At the same time, we wish to congratulate the Commission for opening an inquiry on the transposition of the UCITS Directive in various countries of the EU because it will answer the French criticisms of Luxembourg in this case.
The letter will certainly re-open the debate on European harmonisation of rules concerning fund depositaries. This is nothing new and has already been covered by a European Commission report in 2004. ALFI welcomes with interest this re-examination of current regulation and believes the first question to be asked should be what the status of the depositary is. Depositories in Luxembourg must be banks
.


The first paragraph is the typical Luxembourg attitude when there are issues or dysfunctions. There is the will to hush up issues in the name of making money instead of tighten up the ship.
Such attitude is no longer acceptable all the more than despite a reassuring speech the transposition of the UCIT Directive in Luxembourg is lax and the European commission did not do its job.
This is by the way what stated the ALFI at the end by underlining that “This is nothing new and has already been covered by a European Commission report in 2004. ALFI welcomes with interest this re-examination of current regulation”.
The first question to be asked is not the status of the depositary (One might think that Luxembourg is willing to eliminate the foreigner nonbanking competitors as circular IMF 91/75 states that “The admission to the activity of depositary of a UCITS subject to Part I of the Law of 30th March, 1988 is exclusively limited to banks incorporated under Luxembourg Law or Luxembourg branches of banks established in an EU Member State. This also applies to the depositary of a UCI subject to Part II of the Law of 30th March, 1988 save that such depositary may also be a Luxembourg branch of a bank established in a non Member State of the EU”). The French code requires that the depositary have his head office in France (Art. L. 214-16 of the UCIT Code).

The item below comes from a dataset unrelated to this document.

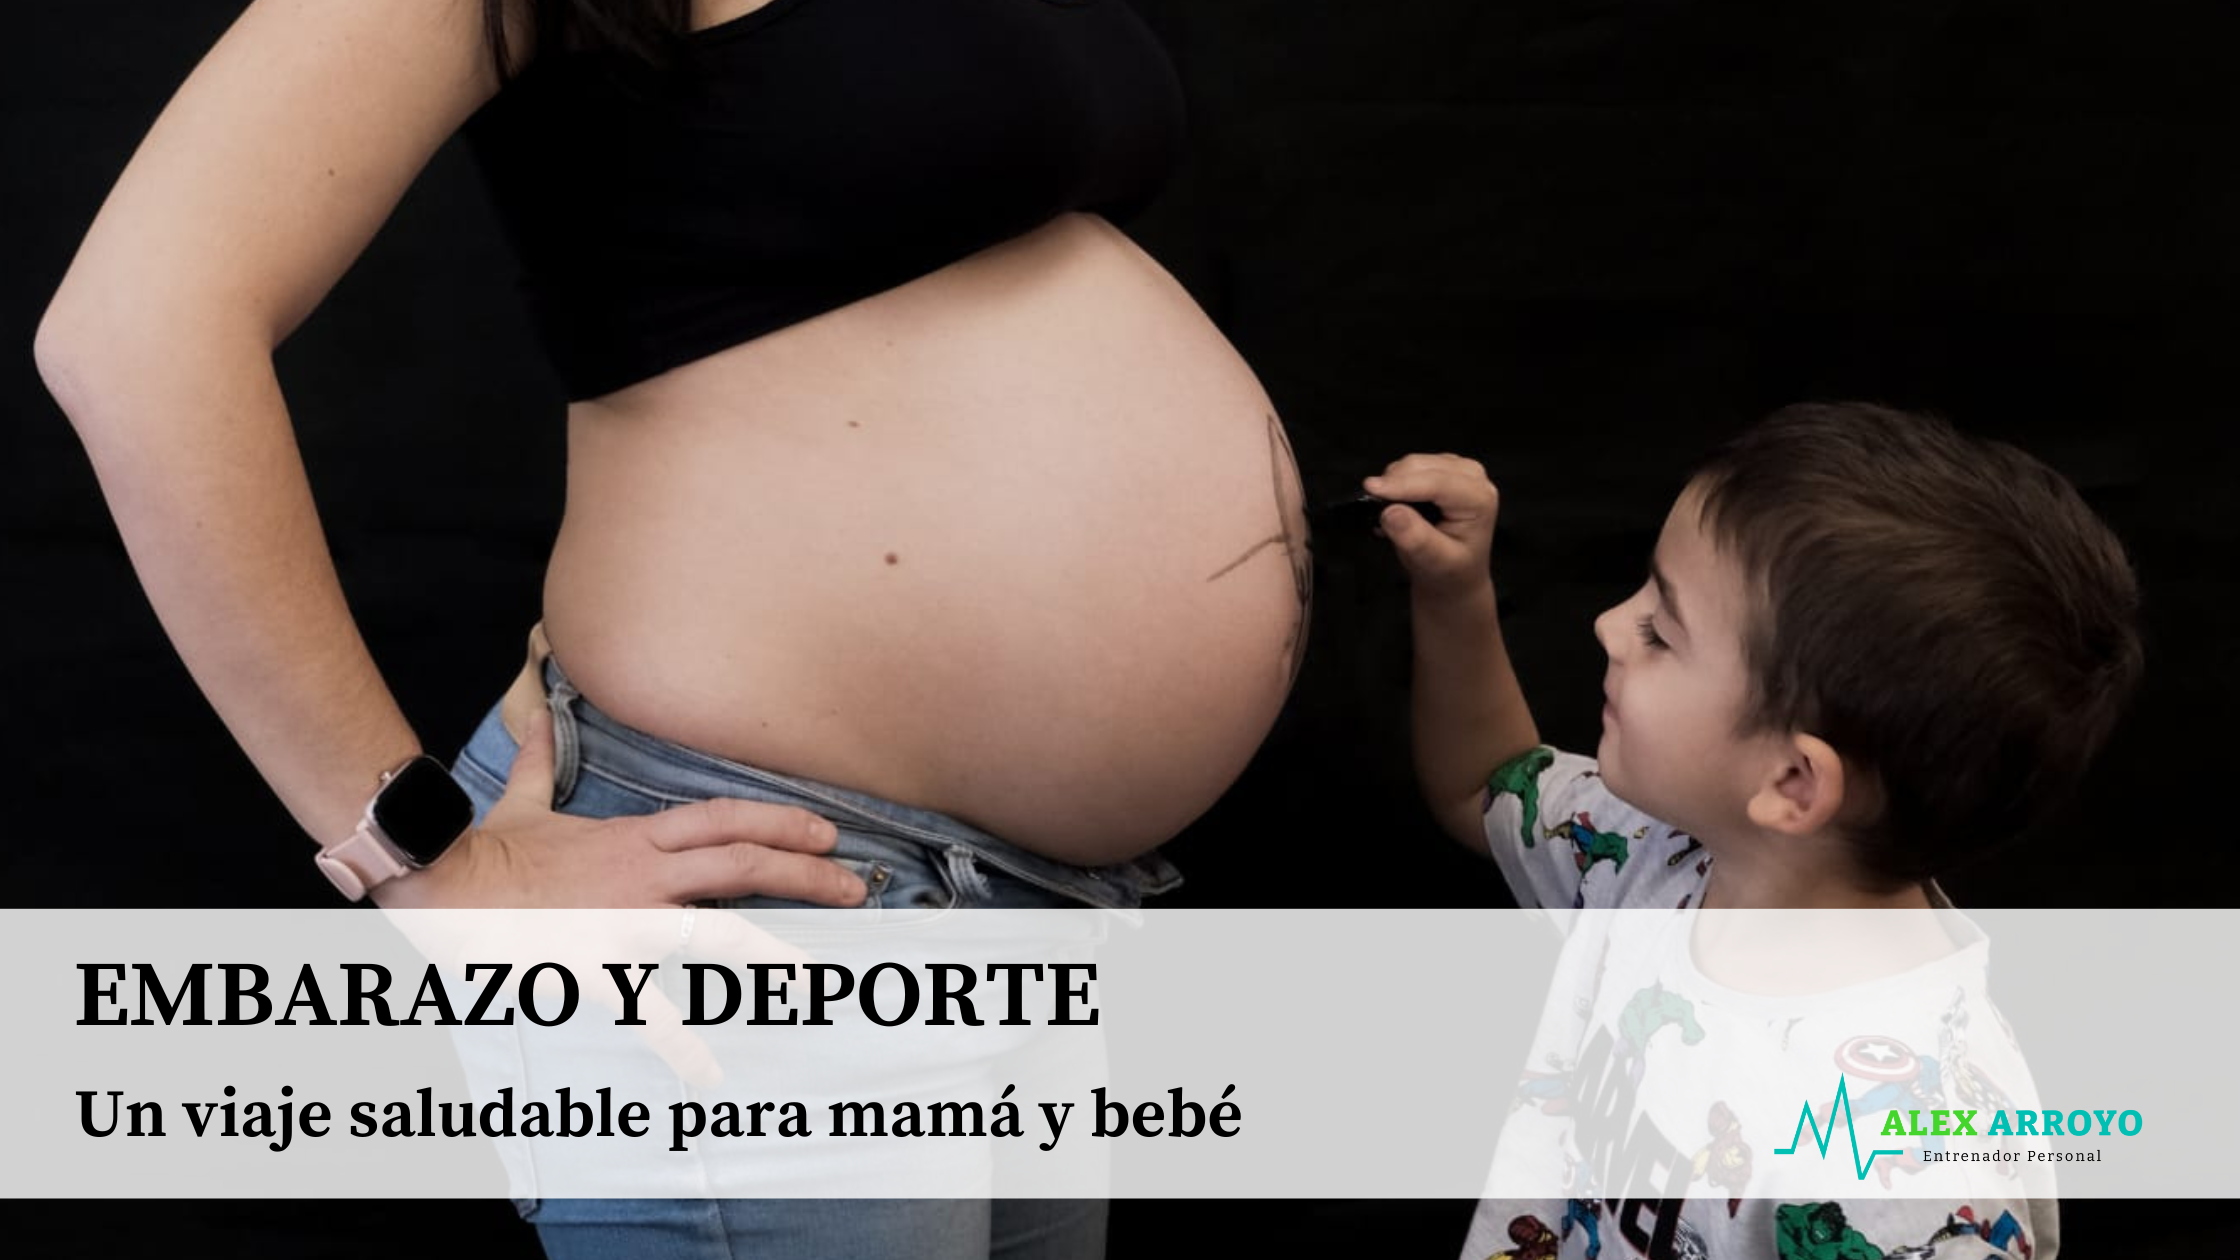 Embarazo y deporte: Un viaje saludable para mamá y bebé. Vamos hablar de los beneficios que conlleva el deporte cuando estás embarazada.

The first question to be asked is definitely the risk of conflict of interests that are visible in Luxembourg and at the EU level in the decision-making process.




To conclude I will quote Fernand Grulms, who is head of Luxembourg For Finance.

He explains that Luxembourg wants “To be better known and recognized like a credible and reliable partner”. It is not by going on denying the poor governance in the jurisdiction that it will reach its objective.